4.1.3.2 McCabe’s Cyclomatic Complexity
McCabe proposed in 1976 that a measure, cyclomatic complexity, could be developed based on the number and kind of independent paths in a program, that could be used to indicate a program’s testability and maintainability. Many studies have been completed on the relationship of this metric based on decisions and branches and defect rates of the software. Some suggest strong correlations for complexity and defects while other suggest that this correlation lessens when adjusted for program size.

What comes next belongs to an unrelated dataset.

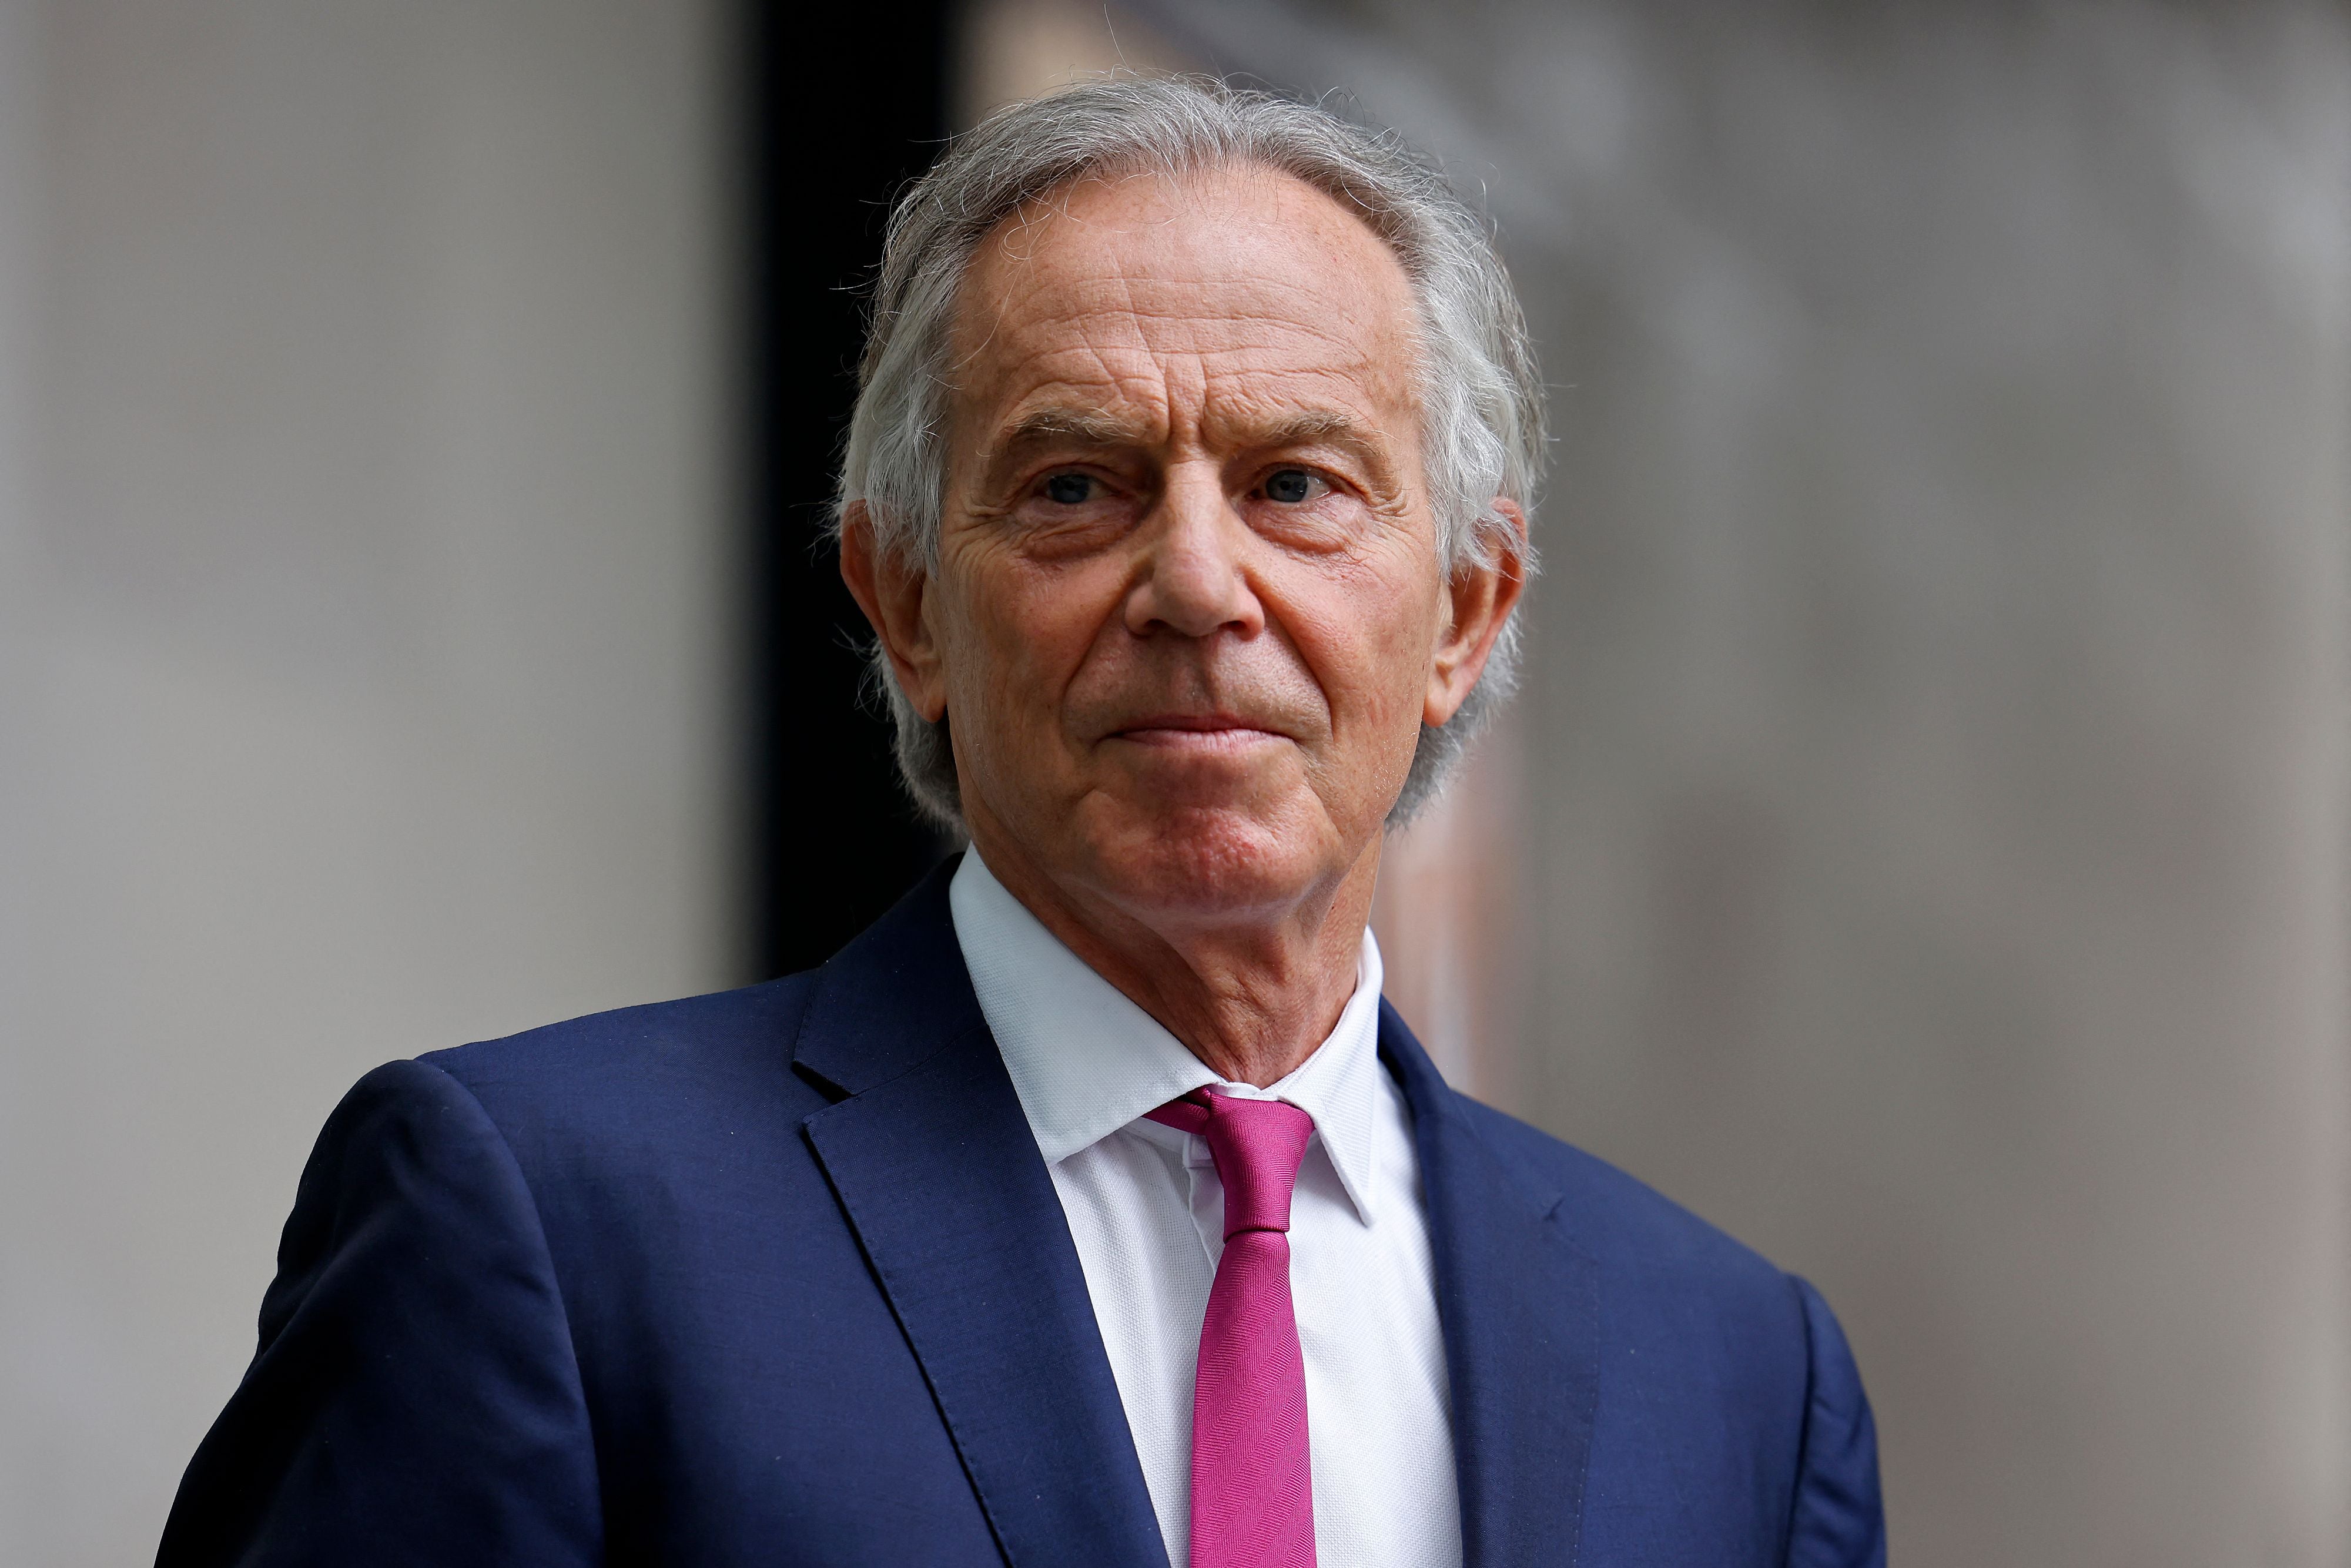 Tony Blair, ‘a colossus who understood the art of government’

4.1.3.3 Syntactic and Structure Metrics
There are other measures that have been used which measure either the syntax of the software, for example whether loops are used or IF-THEN-ELSE statements, or the structure of the software, for example, the number of modules used, the number of modules called. These software design metrics seem to be used the same way that the cyclomatic complexity metrics are used, to help judge the quality of the software.
All of these quality metrics have one thing in common. They can only be used to judge the software after the software is written. Their use may suggest better design techniques and techniques which may improve the quality of the software, but they are not useful for estimating the size or cost of a software development project.
4.2 Estimation
One of the most plaguing problems in the software industry is the problem of estimating the schedule and cost of software development projects. Historically projects have been typically described as over budget and delivered late. “52.7 % of projects were over budget and late with fewer functions than specified” [29]. When new development techniques, new development languages, or new application platforms are introduced most estimation models have not been very accurate. The highest accuracy rate occurs when there is a good historical baseline available for comparison.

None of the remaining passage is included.